** Task requirements **
Once the pictures are set aside, transcribe each line of the data exactly.

** Information supplied **
________
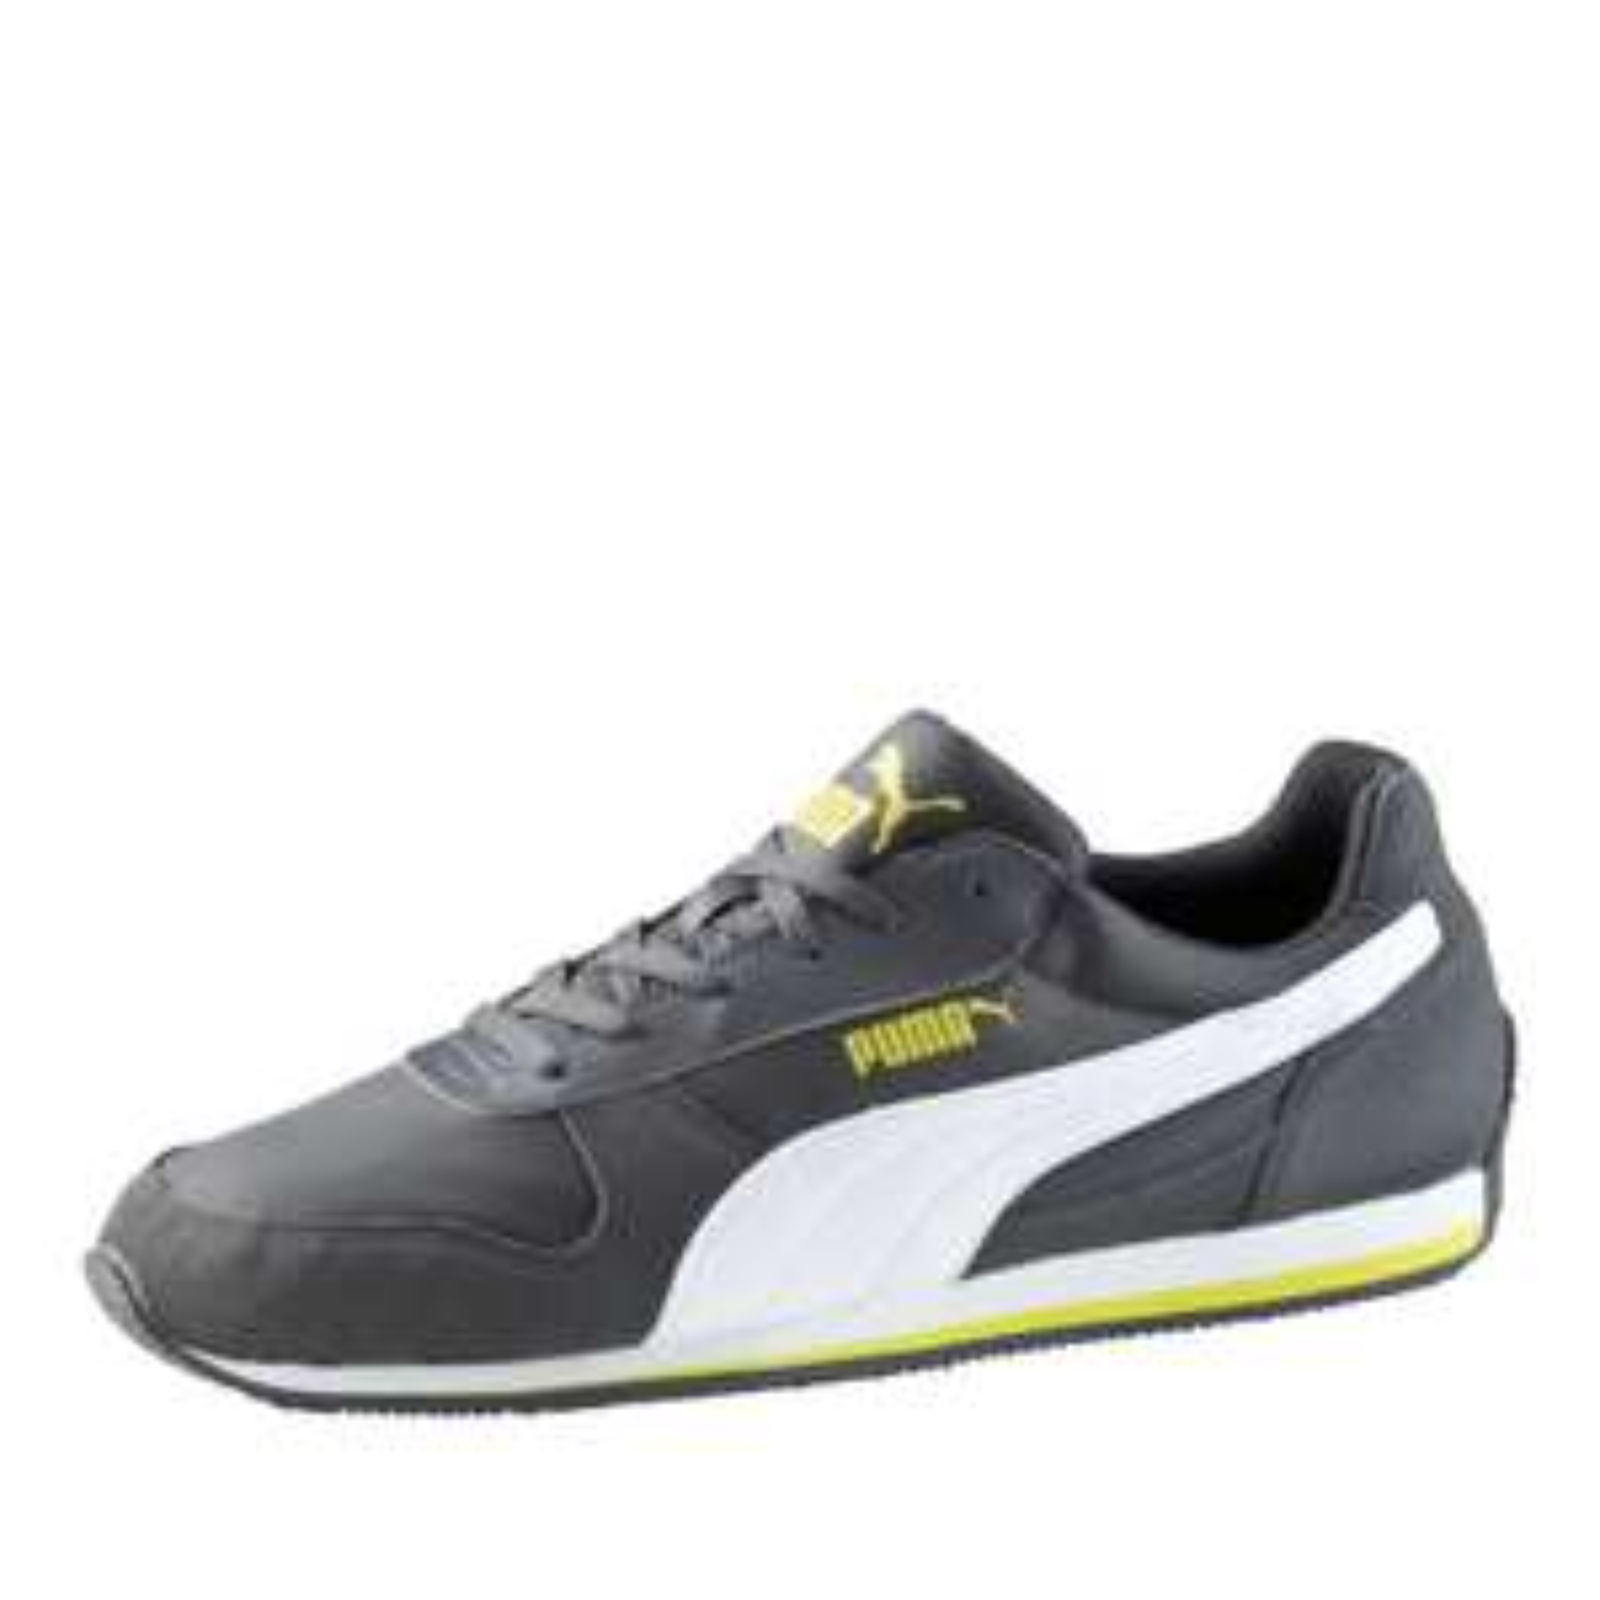 Jusqu'à 60% de réduction sur une sélection d'article Puma - Ex : Chaussures Sneakers Sport Classics Unisexe
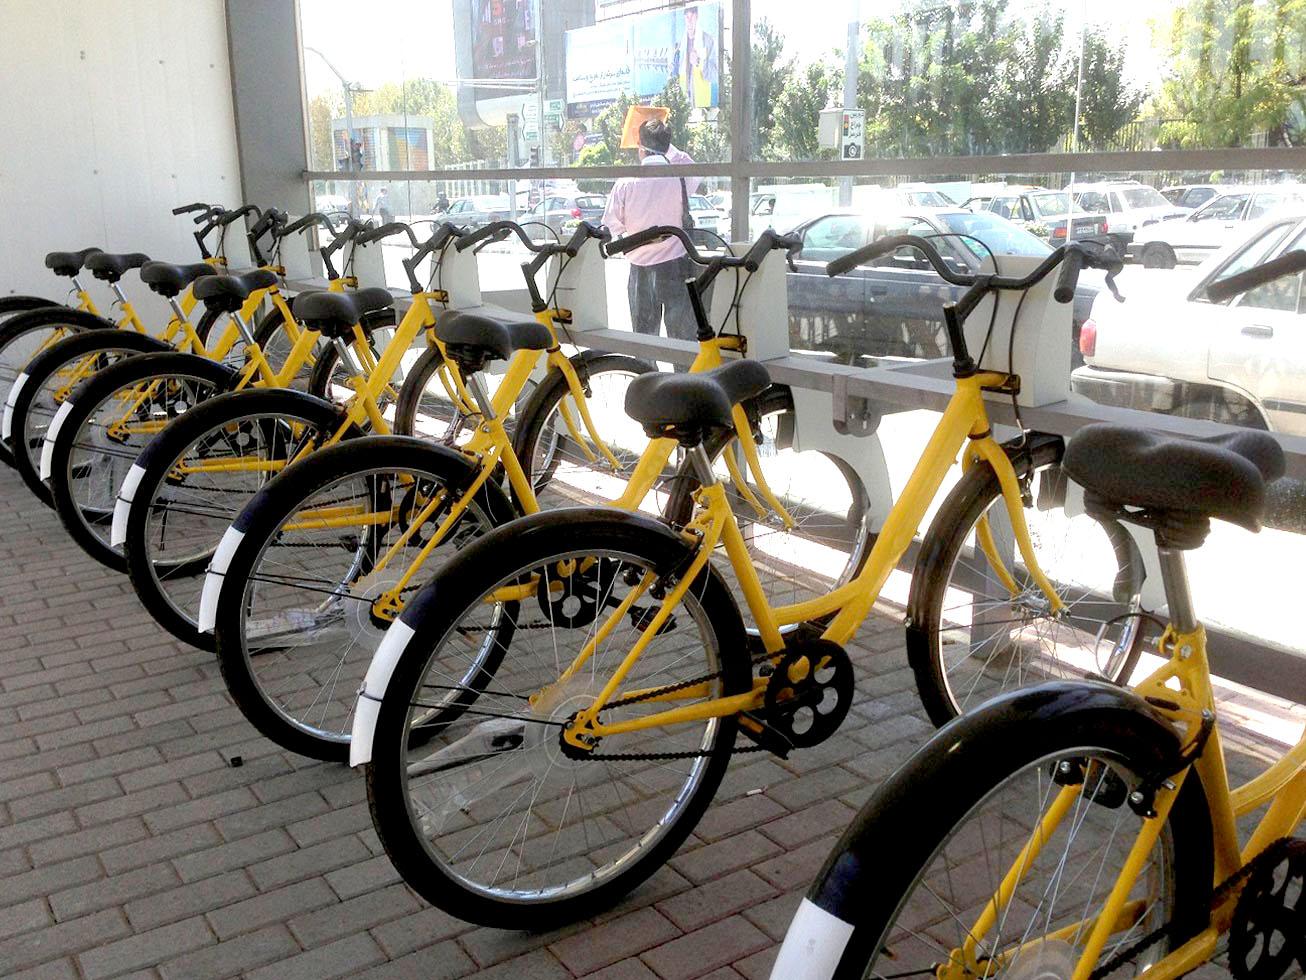 دوچرخه های بی سوار
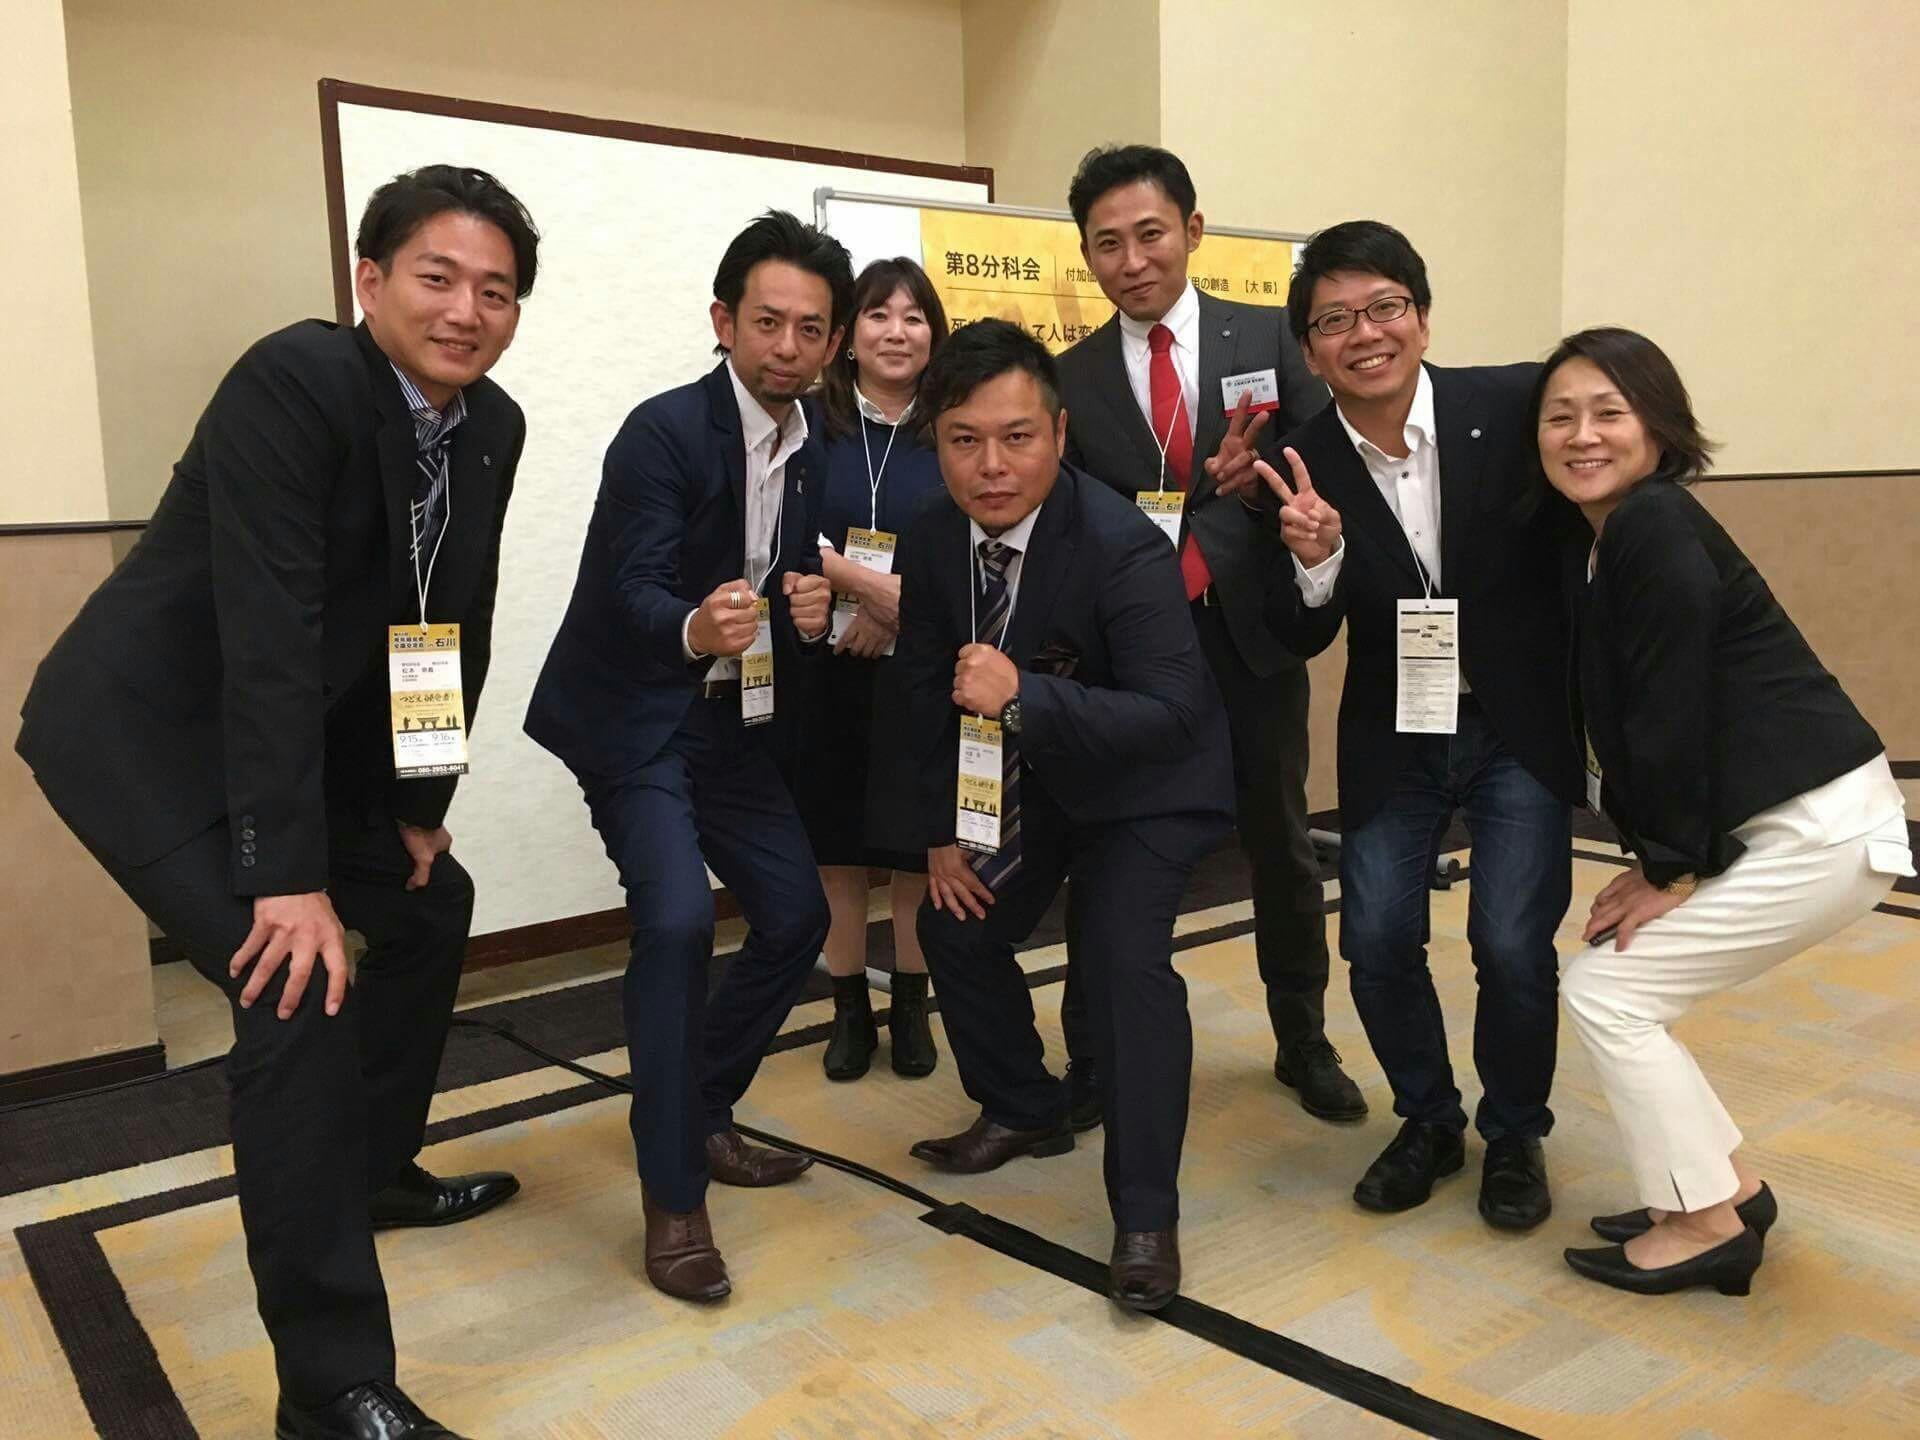 第44回青年経営者全国交流会in石川
________
** Output for this task **
 Jusqu'à 60% de réduction sur une sélection d'article Puma - Ex : Chaussures Sneakers Sport Classics Unisexe
 دوچرخه های بی سوار
 第44回青年経営者全国交流会in石川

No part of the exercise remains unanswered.